To do = Consider the listing below. Extract exactly the lines from the line containing "View of Mt Hotham" to the line containing "Ile du Diable", both included.

Material provided =
=======
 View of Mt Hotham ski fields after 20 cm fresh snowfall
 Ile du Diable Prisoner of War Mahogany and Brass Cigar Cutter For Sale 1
=======
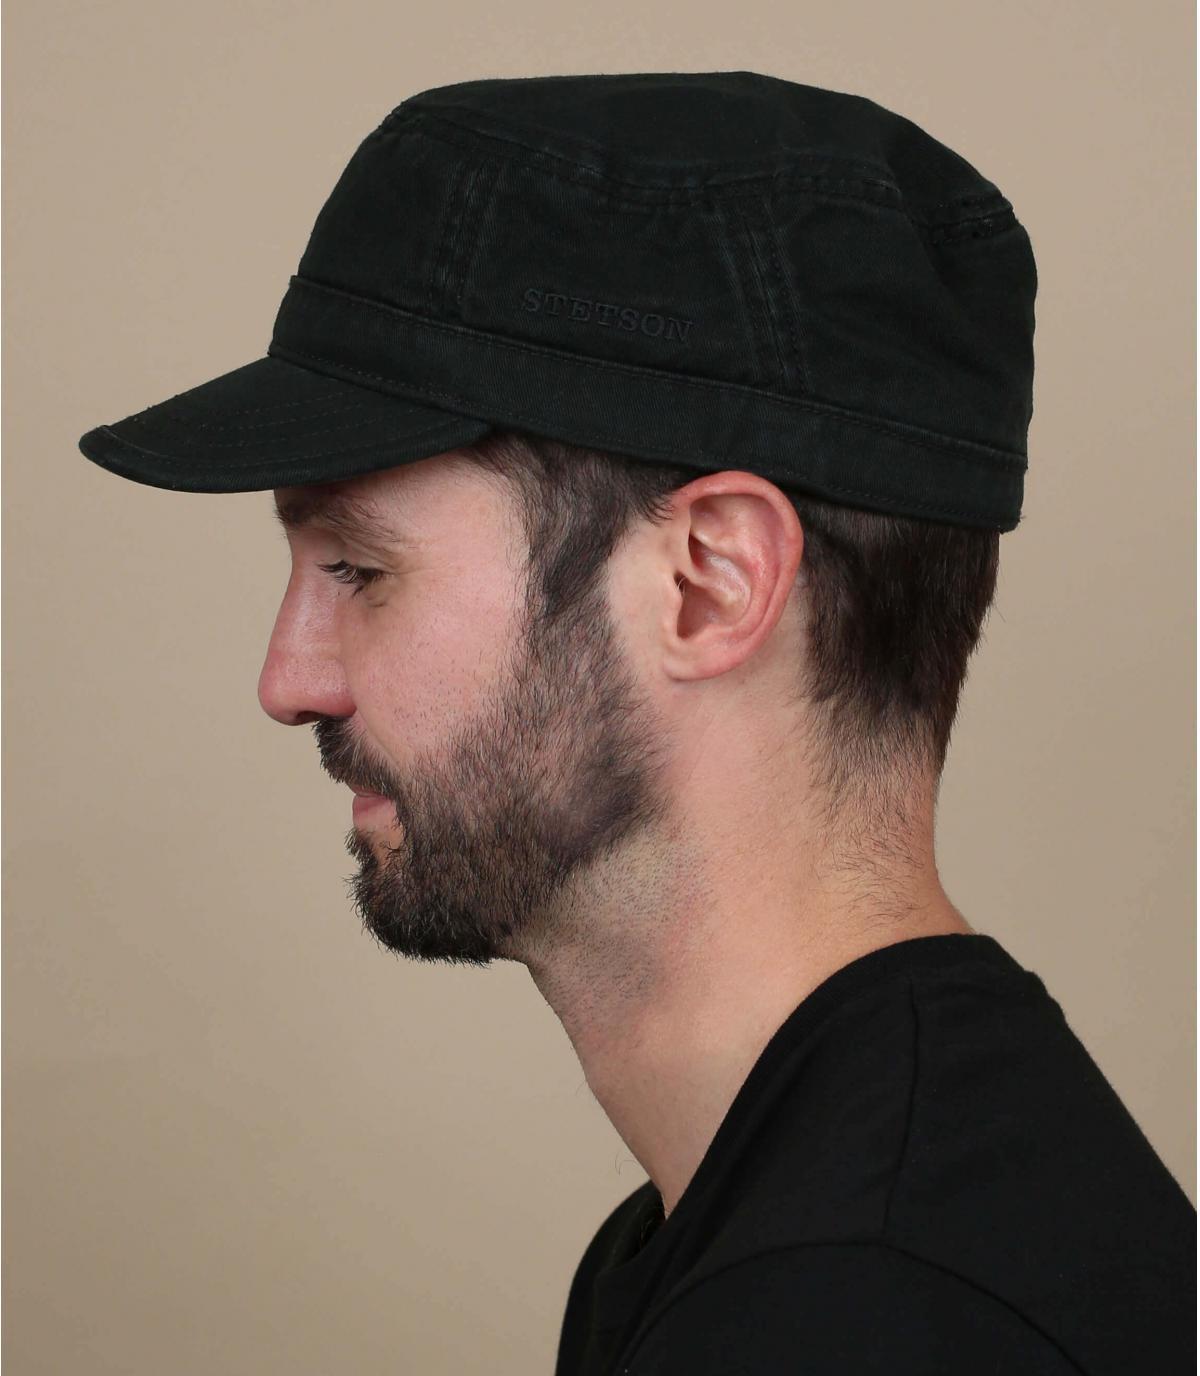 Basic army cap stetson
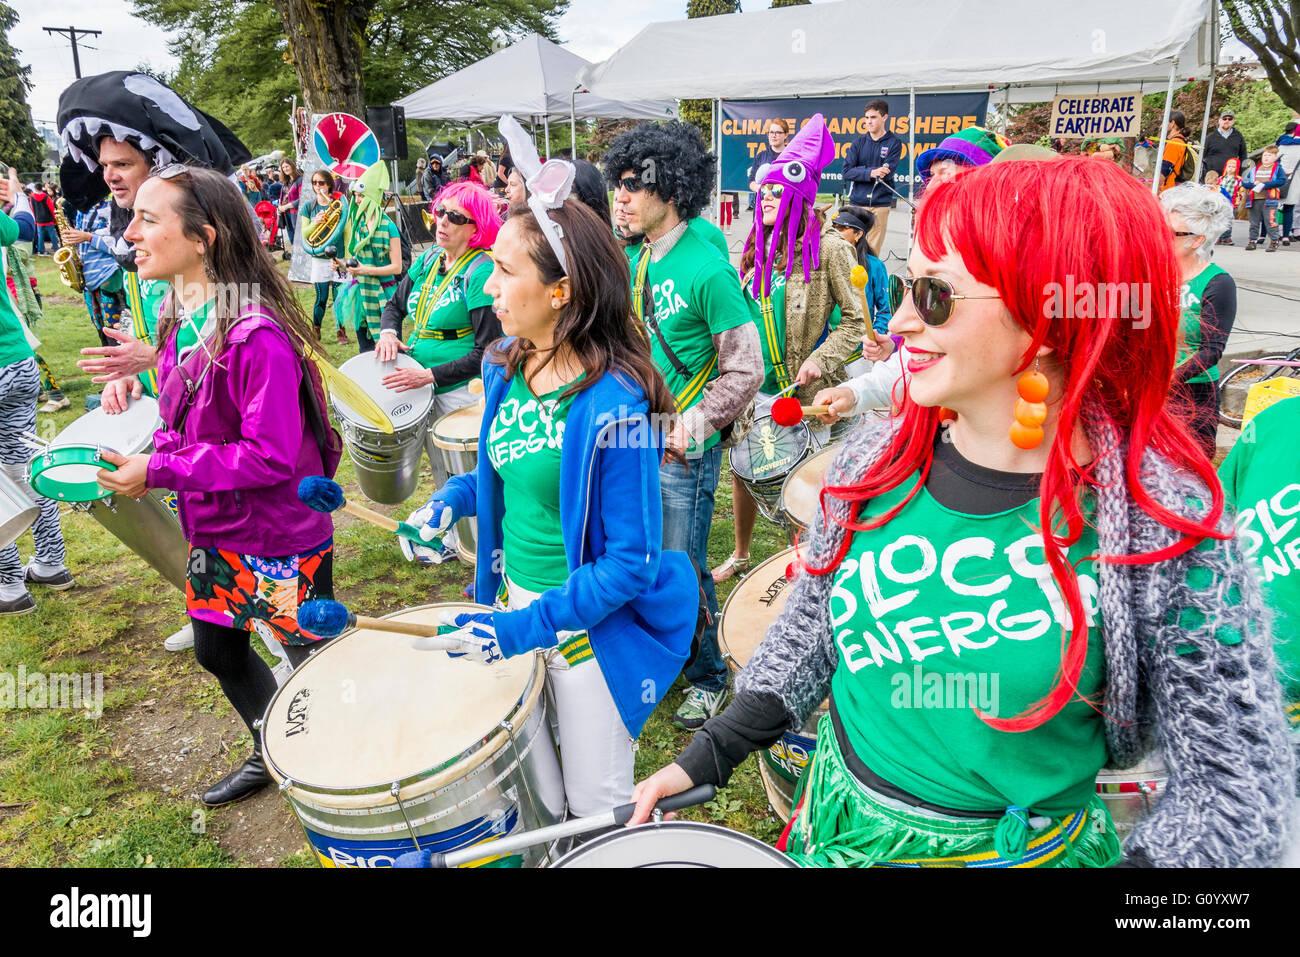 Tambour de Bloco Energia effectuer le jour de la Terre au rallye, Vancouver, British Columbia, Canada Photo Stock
=======
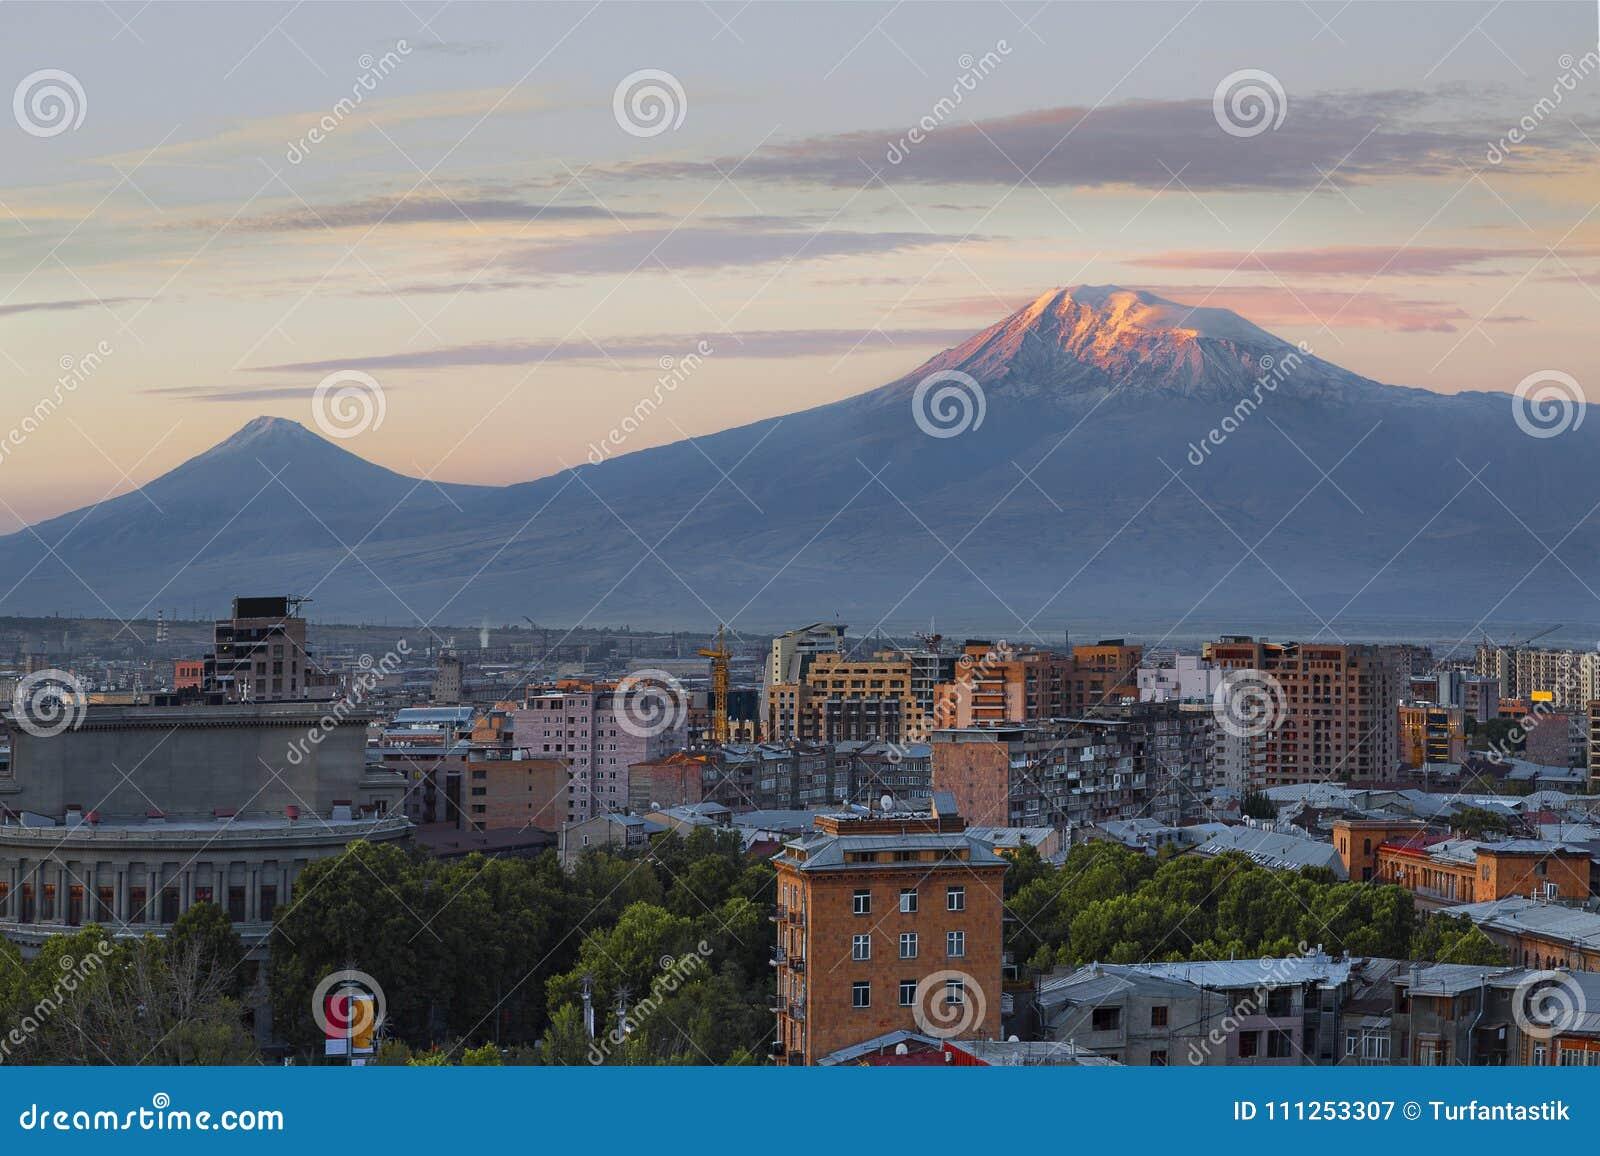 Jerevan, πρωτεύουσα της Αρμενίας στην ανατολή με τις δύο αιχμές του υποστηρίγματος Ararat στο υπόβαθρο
=======
Reply to the task =
 View of Mt Hotham ski fields after 20 cm fresh snowfall
 Ile du Diable Prisoner of War Mahogany and Brass Cigar Cutter For Sale 1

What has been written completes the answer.